Кто? Диник? Да никогда!
Александра Антоновна (Лена несколько раз мысленно повторила её отчество, чтобы больше не забывать) оказалась гораздо щедрее тёти Рузы и разрешила Динику осматривать и трогать всё что угодно. Хоть квартирка у неё однокомнатная, Динику было где разгуляться. Он постучал пальцем по клавишам пианино, понюхал искусственные цветы в вазе, ощупал бесчисленное множество фарфоровых девушек и глиняных зверей, лизнул ароматную толстую свечу с восковыми ангелами. Лена не пыталась его приструнить – старушка сама напросилась. А та только радовалась Диниковой любознательности и охотно рассказывала о каких-то людях, которые дарили ей эти безделушки сто лет назад. Потом Диник заметил часы с кукушкой и попросил показать ему птичку. Легко! Поставили к стене два стула и минут десять вертели стрелки, снова и снова выманивая кукушку из-за маленькой дверцы. При этом Александра Антоновна веселилась не меньше Диника. Лена не участвовала, чинно сидела в кресле и ждала удобного момента, чтобы уйти. А Диник ждал обещанных булочек.

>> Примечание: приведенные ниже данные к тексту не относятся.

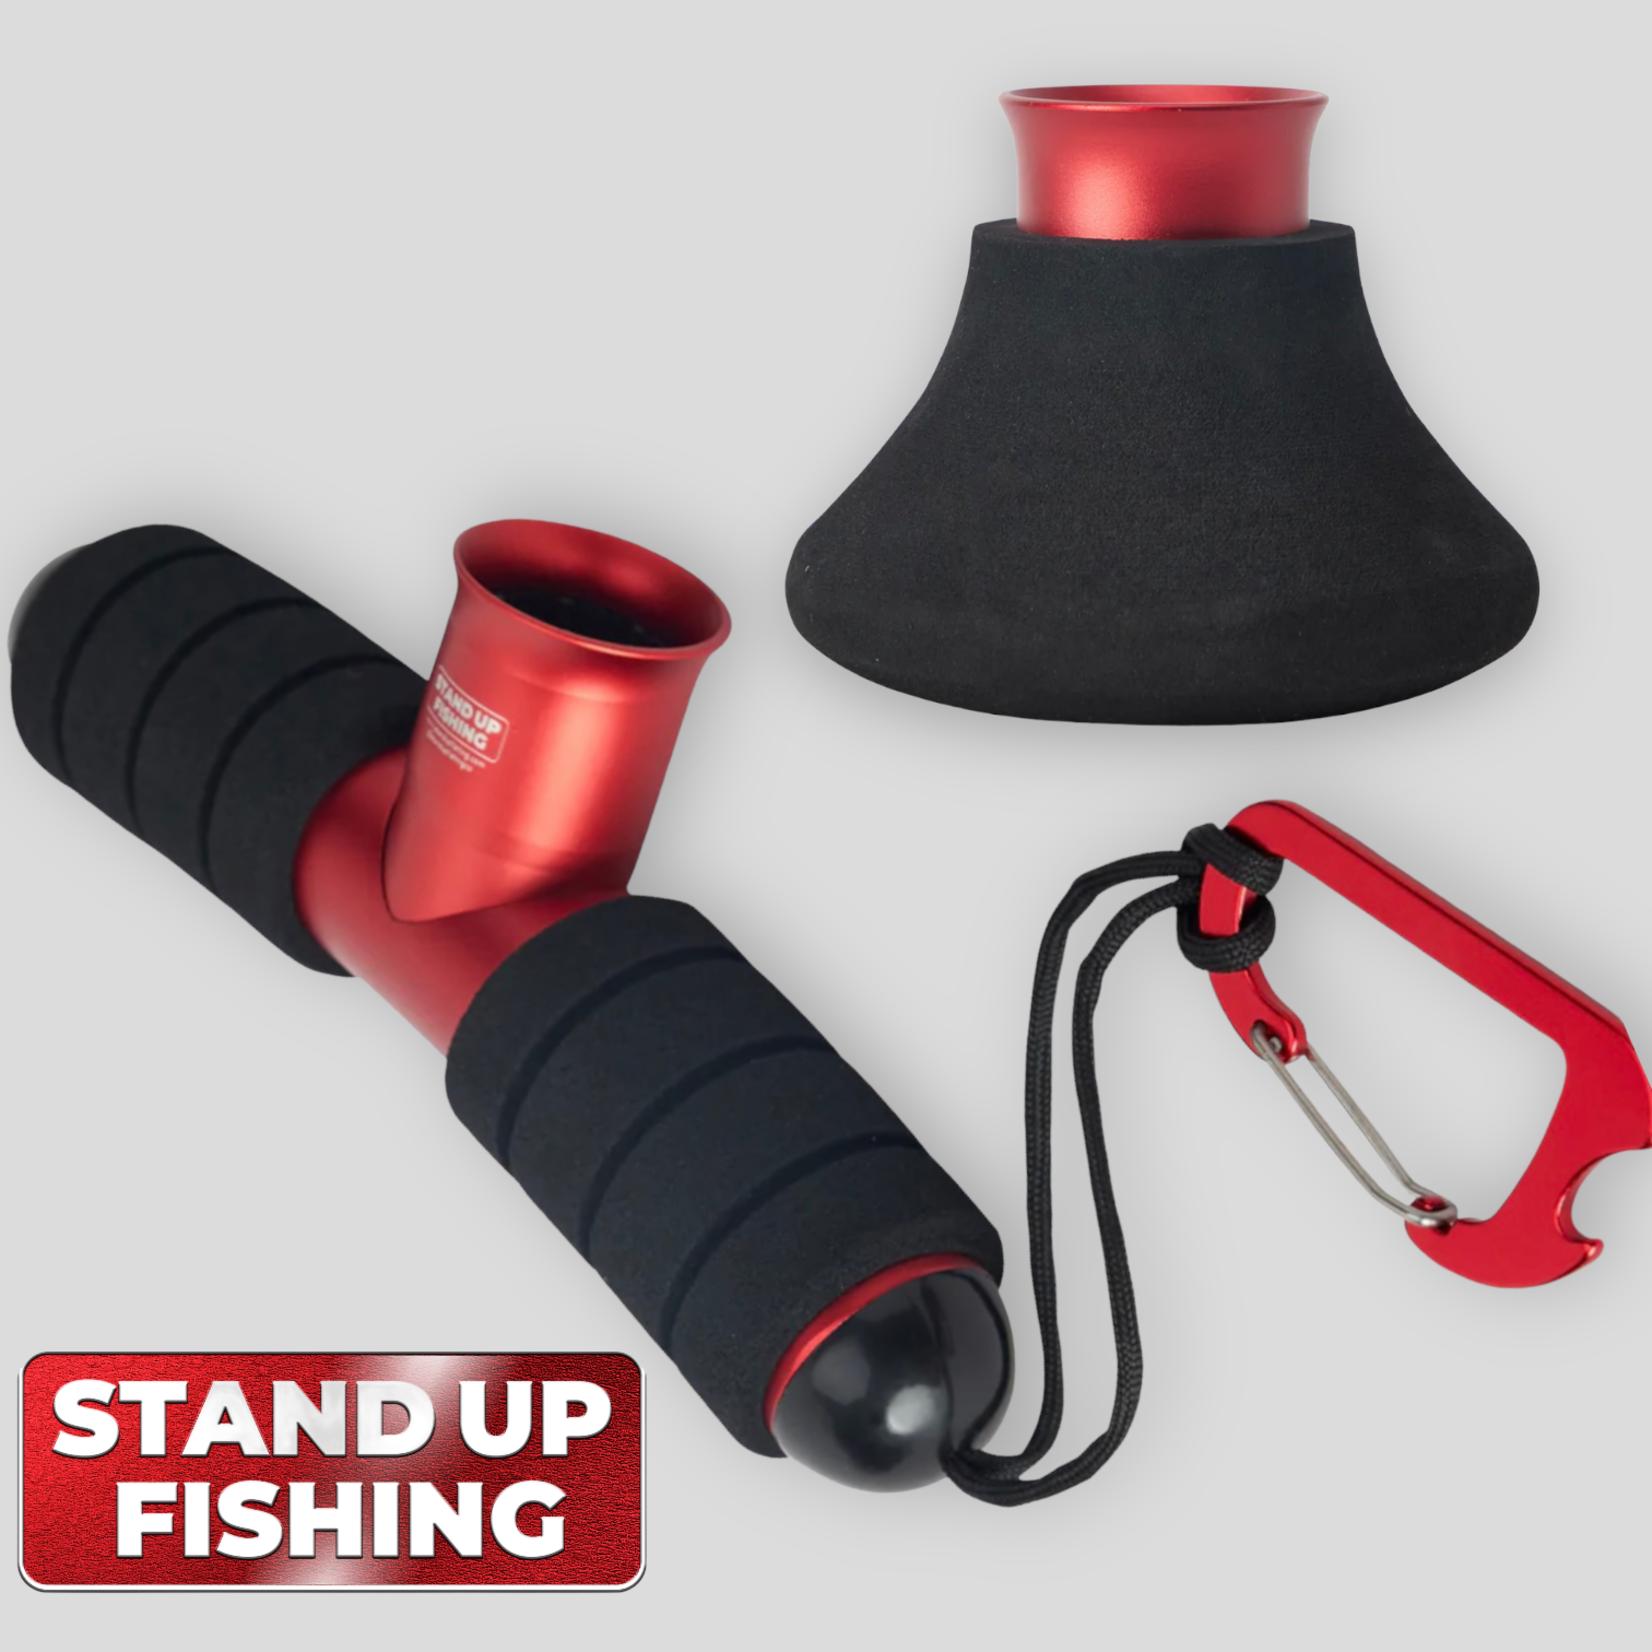 https://cdn.shoplightspeed.com/shops/665849/files/51902101/1652x1652x2/stand-up-fishing-stand-up-fishing.jpg

За чаем он сказал, что здесь лучше, чем у тёти Рузы. Руза сердитая и в свою комнату не пускает. Каких-то тётенек иногда пускает, сидит там с ними по часу, шепчется, а Динику нельзя. Александра Антоновна ответила, что это пройдёт, Рузе надо привыкнуть, а сердится она больше для вида.
– Ой, у вас тоже трещинки и пятна на стене, – заметил Диник. – А вон там обои висят.
Александра Антоновна покосилась на Лену, рассказала про сырость и старый ремонт.
– Наш папа лучше всех ремонты делает, он так работает, – сказал Диник. – Вот бы он и вам сделал.
– Это было бы замечательно! – обрадовалась Александра Антоновна.
– Но он сейчас не может, потому что заболел. А мы уехали…
Лена с силой поставила чашку на блюдце. Так, что по комнате раскатился высокий предостерегающий звон.
– А мама тоже работает? – невозмутимо поинтересовалась Александра Антоновна.
– Угу, – Диник бросил опасливый взгляд на Лену, но решил рассказать: – Мама Марина – учительница, по интернету.
– Вот как? Я тоже учительница! – обрадовалась Александра Антоновна.
«Почему я не удивляюсь?» – подумала Лена.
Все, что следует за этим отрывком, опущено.